Zevin is a talented writer. Her novel The Storied Life of A.J. Fikry is something of a cult classic, as is the award winning Elsewhere. Plus it’s hard to get past the fact that this new one (her tenth novel) was won by Paramount Pictures for a couple of million dollars, so is heading to the big screen with the cast yet to be announced.


The premise of the novel is a bit of a homage to the world of games. However, one does not need to be a lover of such to enjoy the narrative arc. Basically, two young people (Sadie and Sam) meet in a children’s hospital - don’t worry, it’s not a John Green type of thing - and then later in life they reunite and collaborate on games. Clearly both savants in their own way, there is an immediate chemistry between them, and what they create. While there are clearly romantic connections between the two of them, there is never a sense of intimacy that eventuates.

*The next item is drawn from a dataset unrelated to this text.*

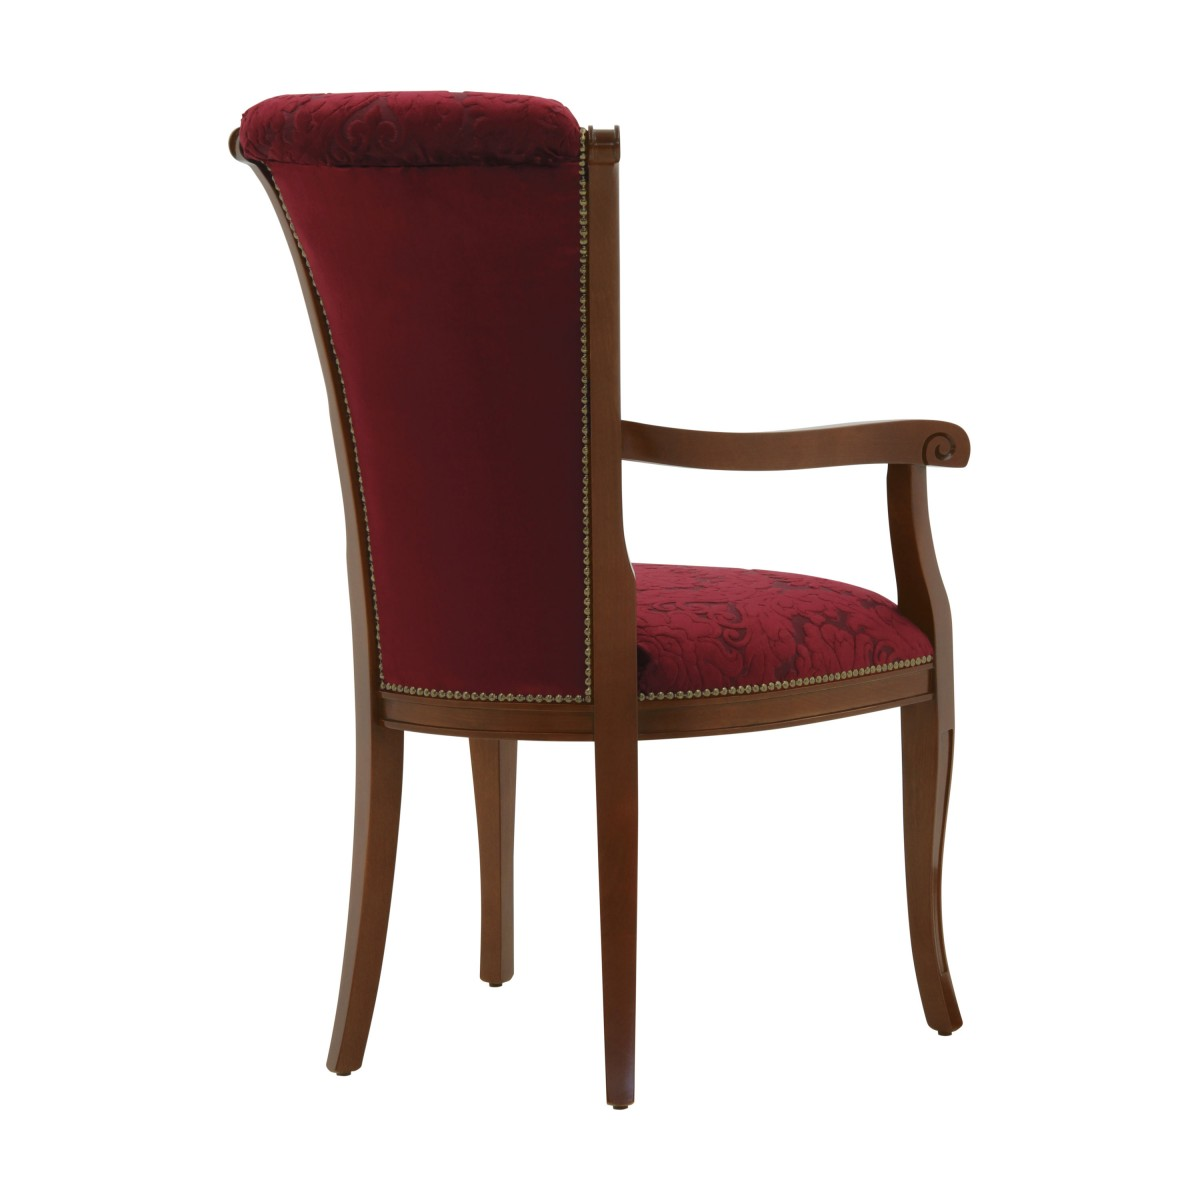 Small armchair Brooklyn - Sevensedie

The two share a love of the game ‘Oregon Trail” (among others) and it’s through this that they connect in that fateful ward of the children’s hospital. Sam there because of an injury, and Sadie there to clock up some hours for community services.


Zevin, herself a gamer, is able to capture the immersive essence of gaming into this absolutely riveting read, creating worlds within worlds and bringing to the fore the rollercoaster of emotions that come with people, success, tragedy and ultimately humanity.


It’s the setting that really brings the sense of wonderment to the novel. Set against that magical era of developing gamification, the internet, and computers in general, the story captivates on the burgeoning world of the reality of life, and the reality that be created through computer-mediated situations. In achieving this, Zevin really focuses on the humanistic attributes and relationships that are driven by connection - in every sense of the word. It is through the computer world that Sam and Saie are able to find a deeper level of connection.


Zevin’s wordplay and her incredible knowledge of the gaming world set in motion a story like no other, sure to be one of the classics of 2022 with its twists and turns. Overall, this will be a winner for those who love some of those old games from Doom to Commander Keen, but also a touching and humorous look at some of the idiosyncrasies of life as a gamer, and relationships.